Extra options for exporting to COCO format:

--save-media allow to export dataset with saving media files (by default False)
--image-ext IMAGE_EXT allow to specify image extension for exporting dataset (by default - keep original or use .jpg, if none)
--save-dataset-meta - allow to export dataset with saving dataset meta file (by default False)
--segmentation-mode MODE allow to specify save mode for instance segmentation:
- ‘guess’: guess the mode for each instance (using ‘is_crowd’ attribute as hint)
- ‘polygons’: save polygons (merge and convert masks, prefer polygons)
- ‘mask’: save masks (merge and convert polygons, prefer masks) (by default guess)
--crop-covered allow to crop covered segments so that background objects segmentation was more accurate (by default False)
--allow-attributes ALLOW_ATTRIBUTES allow export of attributes (by default True). The parameter enables or disables writing the custom annotation attributes to the “attributes” annotation field. This field is an extension to the original COCO format
--reindex REINDEX allow to assign new indices to images and annotations, useful to avoid merge conflicts (by default False). This option allows to control if the images and annotations must be given new indices. It can be useful, when you want to preserve the original indices in the produced dataset. Consider having this option enabled when converting from other formats or merging datasets to avoid conflicts
--merge-images allow to save all images into a single directory (by default False). The parameter controls the output directory for images. When enabled, the dataset images are saved into a single directory, otherwise they are saved in separate directories by subsets.
--tasks TASKS allow to specify tasks for export dataset, by default Datumaro uses all tasks. Example:

datum create
datum import -f coco <path/to/dataset>
datum export -f coco -- --tasks instances,stuff

Examples

Datumaro supports filtering, transformation, merging etc. for all formats and for the COCO format in particular. Follow the user manual to get more information about these operations.

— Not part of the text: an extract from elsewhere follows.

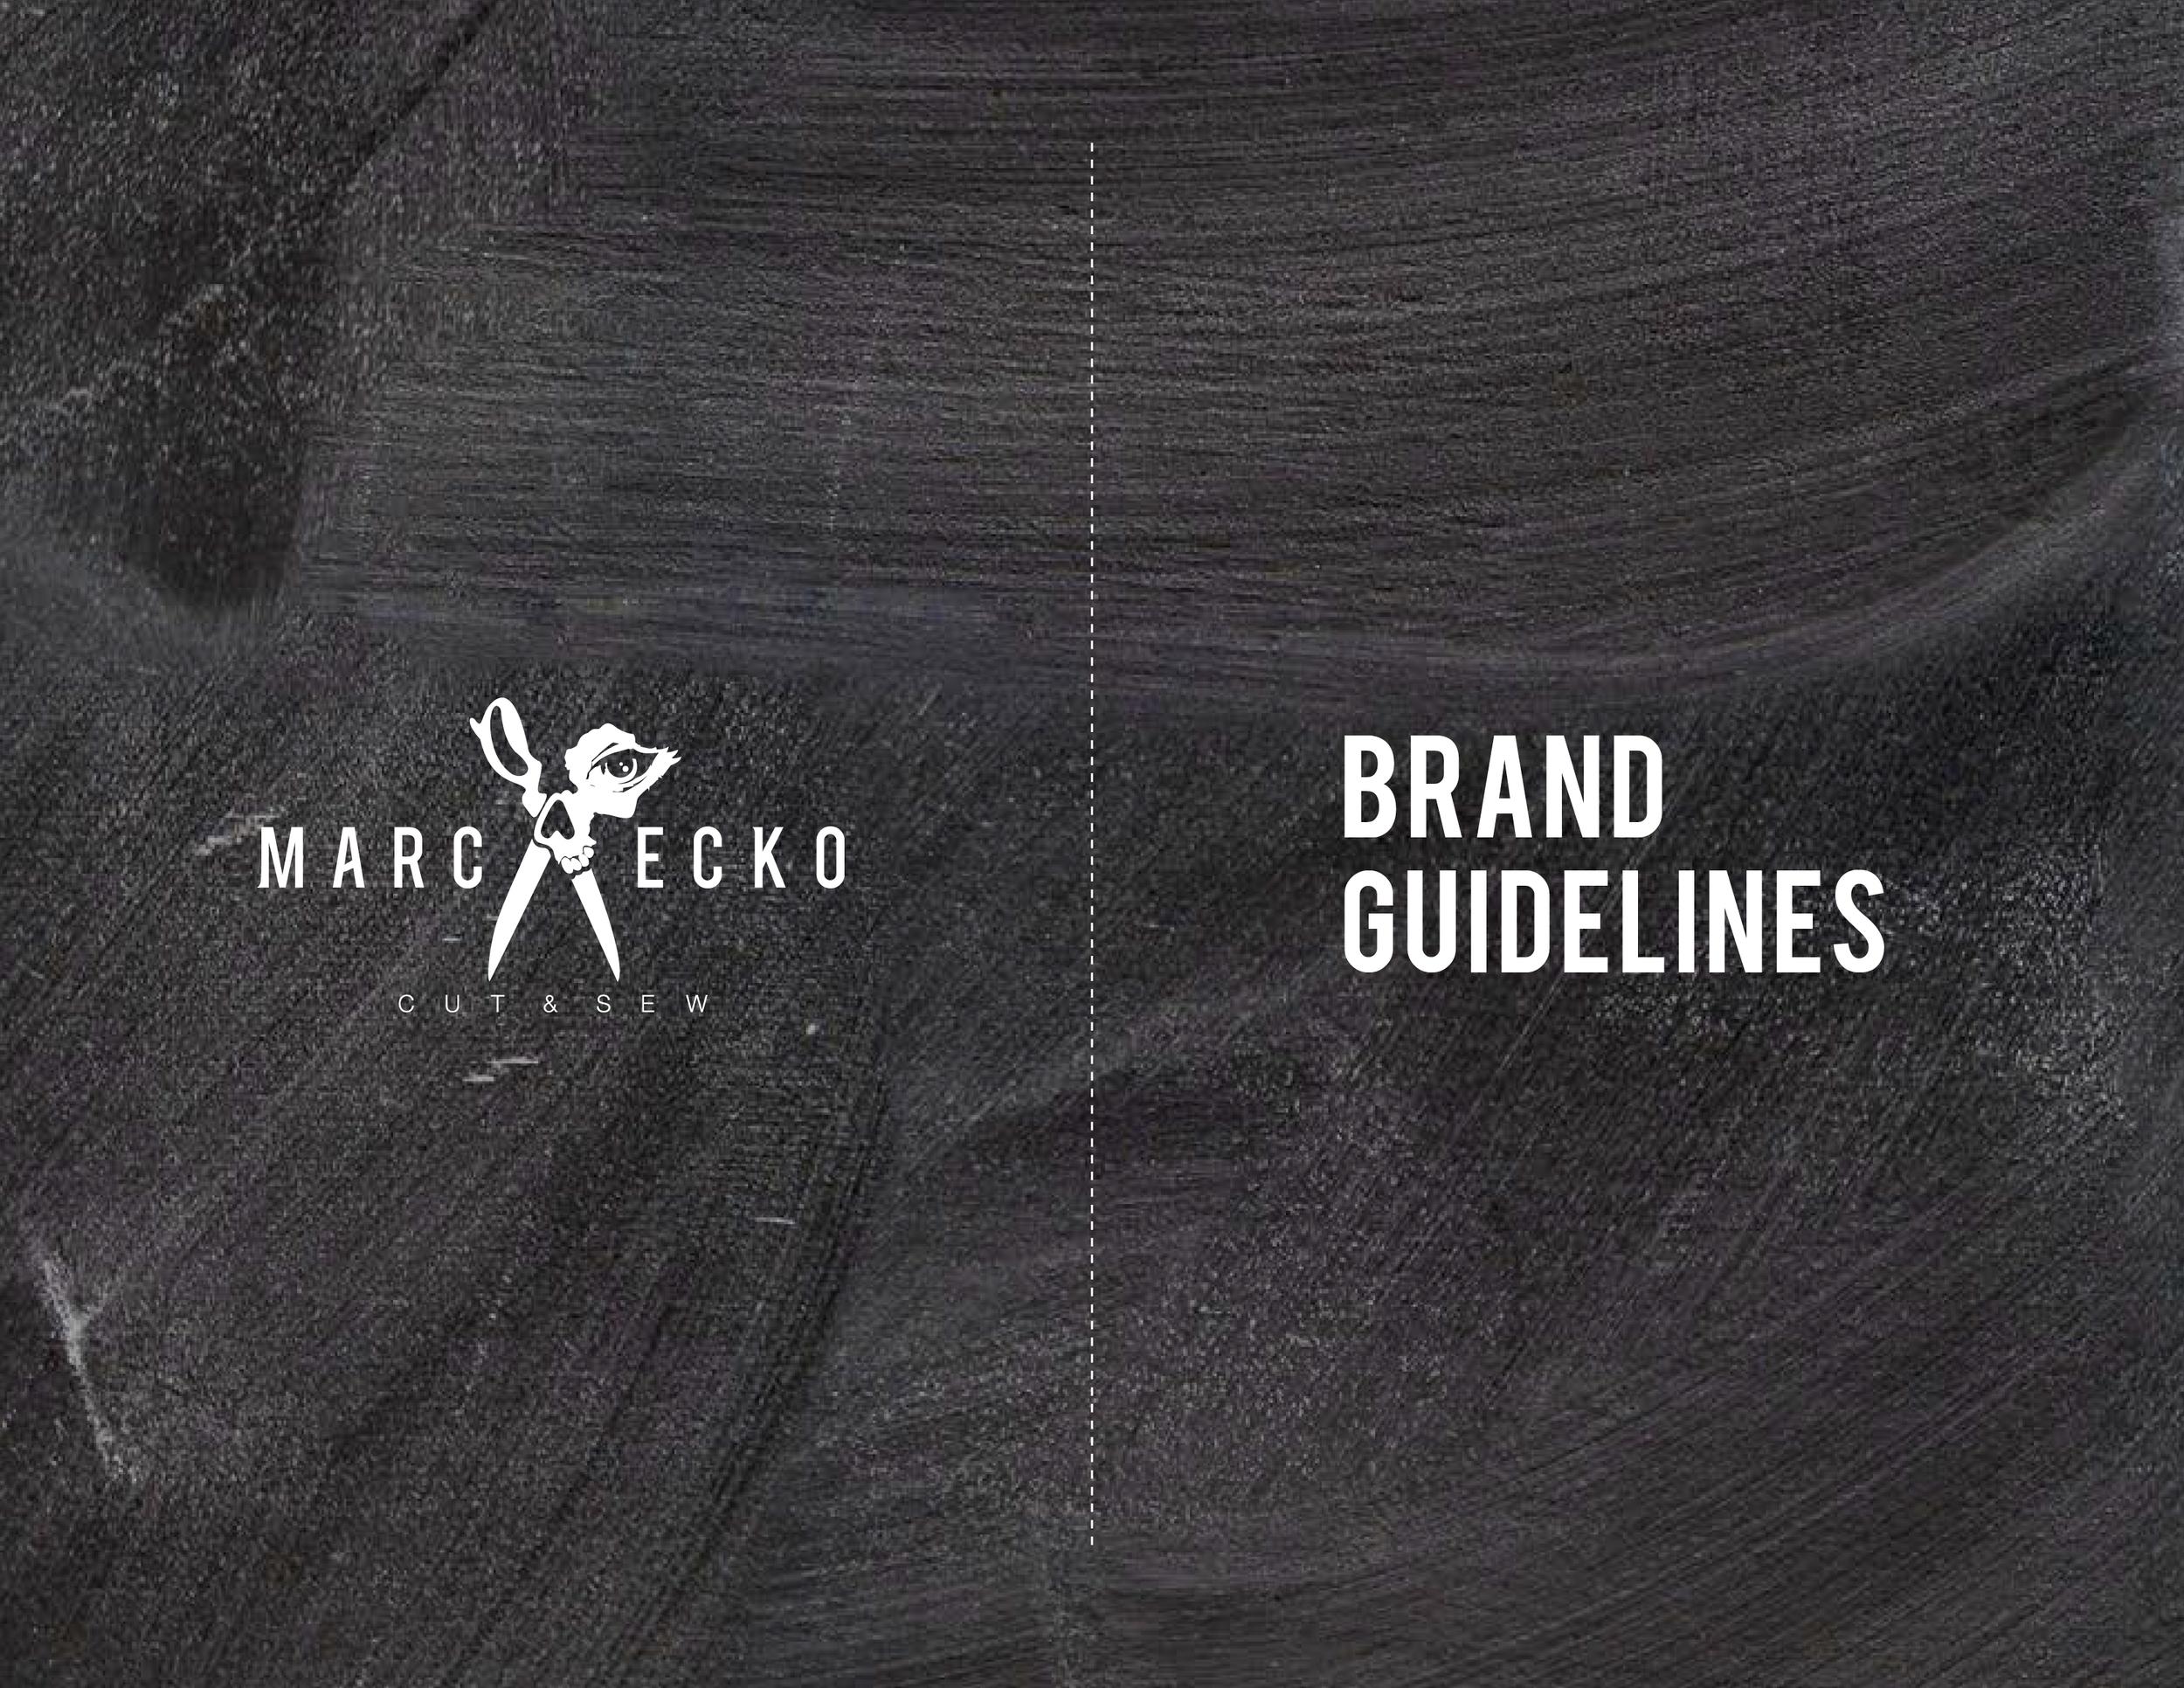 Marc-Ecko-brand-guidelines.jpg

There are several examples of using Datumaro operations to solve particular problems with a COCO dataset:

Example 1. How to load an original panoptic COCO dataset and convert to Pascal VOC

datum create -o project
datum import -p project -f coco_panoptic ./COCO/annotations/panoptic_val2017.json
datum stats -p project
datum export -p project -f voc -- --save-media

Example 2. How to create custom COCO-like dataset

import numpy as np
import datumaro as dm

dataset = dm.Dataset.from_iterable([
  dm.DatasetItem(id='000000000001',
    image=np.ones((1, 5, 3)),
    subset='val',
    attributes={'id': 40},
    annotations=[
      dm.Mask(image=np.array([[0, 0, 1, 1, 0]]), label=3,
        id=7, group=7, attributes={'is_crowd': False}),
      dm.Mask(image=np.array([[0, 1, 0, 0, 1]]), label=1,
        id=20, group=20, attributes={'is_crowd': True}),
    ]
  ),
], categories=['a', 'b', 'c', 'd'])

dataset.export('./dataset', format='coco_panoptic')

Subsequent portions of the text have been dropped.